Support Vector Machines (SVM) are supervised learning methods primarily used for classification problems. Their purpose is to create a model based on a set of data points and their class affiliation, which accurately determines the class of new data points. SVMs are versatile and are applied in areas such as text and image classification.
For an introduction to the topic of classification, the blog post “Classification in Machine Learning” by Sebastian Müller is recommended. Although SVMs can handle data in any dimensional space, the following examples are limited to 2-dimensional or 3-dimensional data for simplified visualization.
How they work
The basic principle of SVMs follows a surprisingly simple approach: It aims to find a plane—known as the separating hyperplane—that separates data points according to their class affiliation. In the following 2-dimensional example (Fig. 1), the hyperplane is simply a line that should separate the red and blue points from each other. To determine the class of a new data point, it is sufficient to check on which side of the hyperplane the point lies. Since there are theoretically infinite possible hyperplanes, the question arises of how exactly this plane should be chosen.

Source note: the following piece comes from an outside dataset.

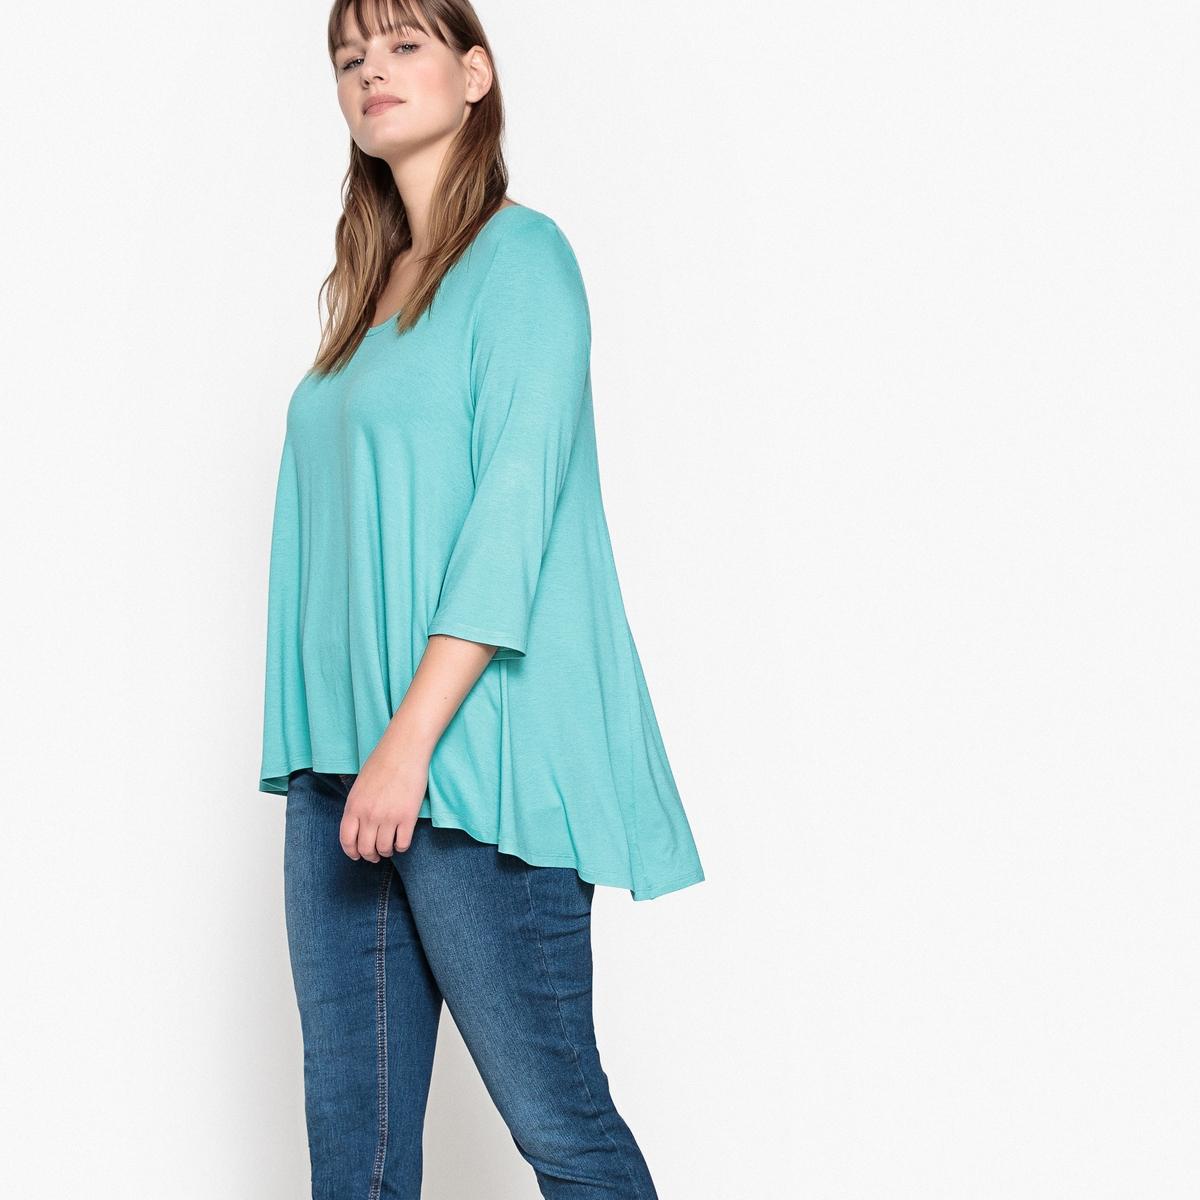 Футболка свободного покрояФутболка. Вам будет удобно в этой футболке широкого покроя с удлиненной спинкой и свободным круглым вырезом. Рукава 3/4. Футболка из мягкого эластичного трикотажа: 95% вискозы, 5% эластана. Длина : 75 см.<br><br>Цвет: розовый пурпурный,темно-серый меланж,черный<br>Размер: 62/64 (FR) - 68/70 (RUS).42/44 (FR) - 48/50 (RUS).46/48 (FR) - 52/54 (RUS).54/56 (FR) - 60/62 (RUS).58/60 (FR) - 64/66 (RUS).50/52 (FR) - 56/58 (RUS).54/56 (FR) - 60/62 (RUS).58/60 (FR) - 64/66 (RUS)

To best separate the classes, SVMs select the hyperplane that maximizes the distances to the closest points from each class. In other words, the optimal hyperplane is located in the center of a maximally wide strip, called the margin, that separates the two classes. This is thus a classic optimization problem that can be solved using standard methods, such as gradient descent.
Soft Margin SVM
In most cases, however, data is not linearly separable as initially assumed. That is, due to unfavorable data distributions, there may not exist a hyperplane that perfectly separates the classes. For such cases, the SVM principle can be expanded. The so-called Soft Margin SVM allows a certain degree of errors in the classification of training data. Data points are permitted to fall within the margin or even on the wrong side of the hyperplane. Instead of simply finding a maximally wide margin, Soft Margin SVMs also select the class boundaries such that the sum of the distances of all points lying in or beyond the margin is minimized (Fig. 3). Soft Margin SVMs therefore pursue two objectives: maximizing the margin while minimizing errors due to misclassifications. This trade-off between the two goals is determined by a parameter (usually called C). Small values of C tend to enlarge the margin, allowing more classification errors in the training examples. Typically, finding an appropriate value for C is part of the training process.
Kernel trick
Unfortunately, Soft Margin SVMs do not solve all problems. To handle challenging cases, like the one shown in the following example (Fig. 4), a transformation is needed to make the data linearly separable.
The solution idea involves transforming the points into a higher-dimensional space where they can be separated by a hyperplane. The following illustration shows what this might look like for the example (Fig. 5). The originally 2-dimensional points are each extended with a third dimension. In this new 3-dimensional space, the separating hyperplane corresponds to a 2-dimensional plane, which now clearly separates the two classes.
However, this transformation is not free. On the contrary, especially for high-dimensional data, finding a suitable transformation generally requires a prohibitive amount of computation. So, how do we obtain an appropriate transformation instead? The answer is that it is not actually needed explicitly. Instead, the problem can be reformulated in a clever way. It suffices to calculate pairwise similarities between data points using a kernel function. With this so-called kernel trick, the need for an explicit, costly transformation of data points into a higher-dimensional space is completely avoided.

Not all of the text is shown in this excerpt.